_WORK INSTRUCTION_: A word-for-word transcription of the listing is all that is needed.

_ENTRIES SUPPLIED_:
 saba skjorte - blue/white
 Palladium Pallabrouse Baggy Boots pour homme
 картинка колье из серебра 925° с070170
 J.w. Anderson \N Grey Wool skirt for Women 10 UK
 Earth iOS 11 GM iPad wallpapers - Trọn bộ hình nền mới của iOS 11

_RESULT OF THE TASK_:
 saba skjorte - blue/white
 Palladium Pallabrouse Baggy Boots pour homme
 картинка колье из серебра 925° с070170
 J.w. Anderson \N Grey Wool skirt for Women 10 UK
 Earth iOS 11 GM iPad wallpapers - Trọn bộ hình nền mới của iOS 11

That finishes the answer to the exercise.